Surrender of National Sovereignty

The US can reiterate its interpretation that US custody over Cpl Smith extends even up to his current status of being convicted because the applicable VFA provision is Section 6 and not Section 10 as the SC held. More ominously, the US can invoke the Medellin decision in declaring that the VFA is not legally binding on the US in the Smith case since it has not been ratified by the US Senate much less has implementing legislation been passed by the US Congress.

Ergo the Philippine Supreme Court’s decision is meaningless unless, the Obama administration is convinced that it needs to maintain the charade that Philippine sovereignty is not derogated by the VFA. To save face for the Philippine government, and in its own interest, the US could appear to comply with the SC ruling and agree to Philippine custody, while insisting on the specific facility for Smith that it will agree to. (In this regard, Smith’s lawyer has a novel idea: the US can carve up a piece of the US embassy property and revert it to the Philippines as part of its national territory while retaining actual control of that piece of property.)
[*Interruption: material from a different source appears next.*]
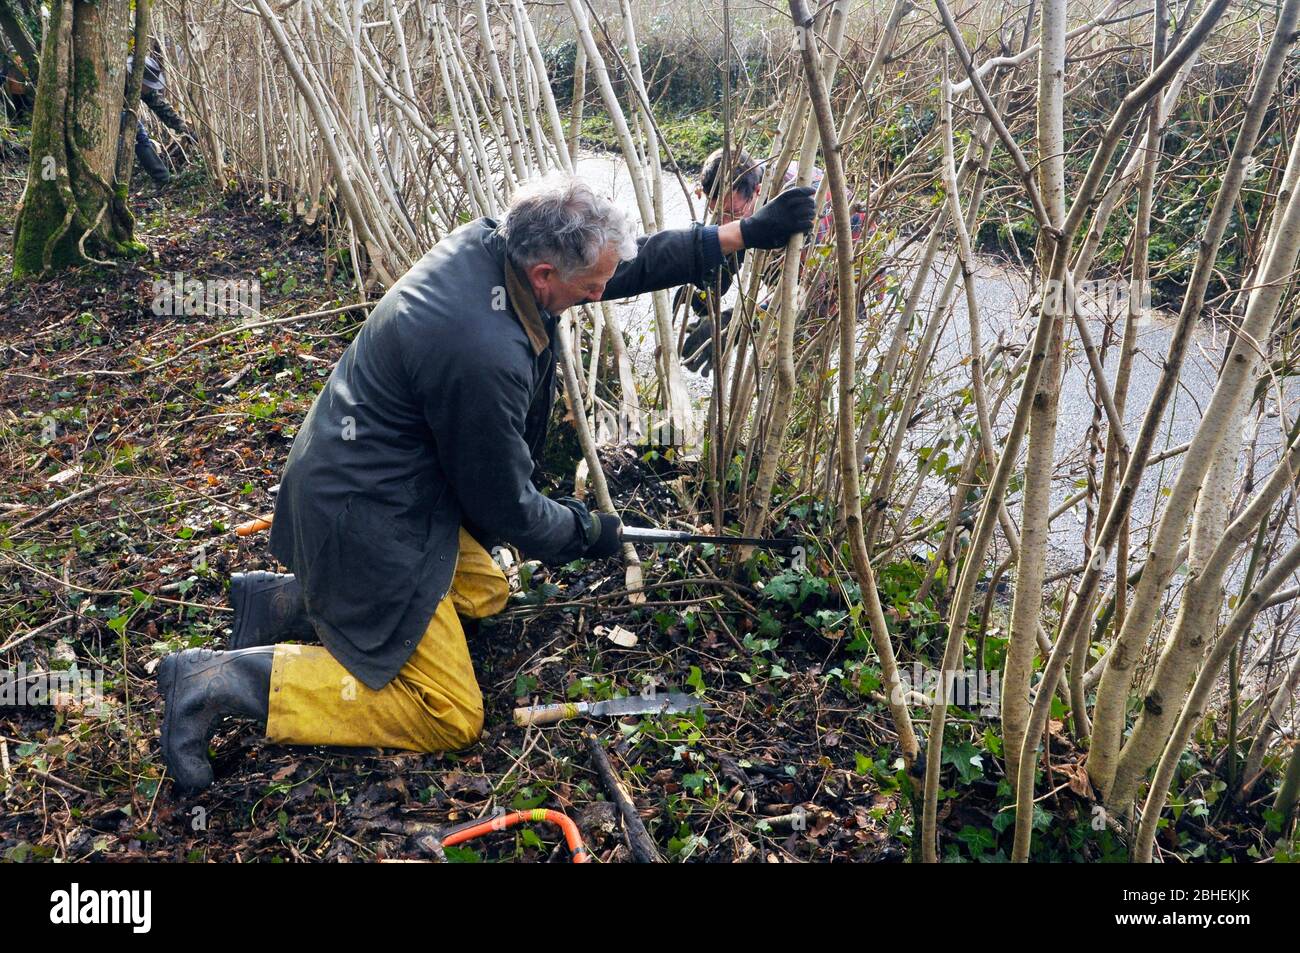 Voluntario de conservación de la naturaleza usando una podadora para poner una cobertura en el borde de una reserva de madera Somerset Wildlife Trust en Somerset. Foto de stock

Given the arrant disdain by the sole Superpower for international law and the US government’s need to demonstrate to its soldiers that it can shield them from the long arm of another country’s national law while pursuing its military adventures overseas, it is likely that the US will holds its ground. It will try to figure out how it can escape compliance with the SC ruling and still manage the political fallout that can ensue.

The upcoming Balikatan war “exercises” will certainly be used as leverage by the US government in securing favorable terms for Smith. In the same way that the US cancelled earlier scheduled Balikatan “exercises” until it could get favorable action on Smith’s detention from the Arroyo government, the Philippine government needs to be pressured to do no less.

Justices Puno, Carpio, Martinez and Morales correctly saw the fatal legal flaw of the VFA is not just in Article V regarding criminal jurisdiction over erring US troops. The entire Agreement is a violation of Section 25, Article XVIII of the Philippine Constitution that governs the constitutionality of the VFA.

To quote Section 25 in full: “After the expiration in 1991 of the Agreement between the Republic of the Philippines and the United States of America concerning Military Bases, foreign military bases, troops, or facilities shall not be allowed in the Philippines except under a treaty duly concurred in by the Senate and, when the Congress so requires, ratified by a majority of the votes cast by the people in a national referendum held for that purpose, and recognized as a treaty by the other contracting State. “

But beyond legal arguments and procedures, the political reality is that the Arroyo regime has shown itself incapable of standing up to the US on the issue of Cpl Smith’s detention and generally, just how subservient it is to the US, especially on foreign policy matters such as the US war of terror and US troops presence in the Philippines.

Thus the Filipino people themselves must press on with their opposition to the VFA, US permanent presence in the country and specifically, the RP-US military “exercises” being held in different parts of the country, that grow more alarmingly intrusive each year.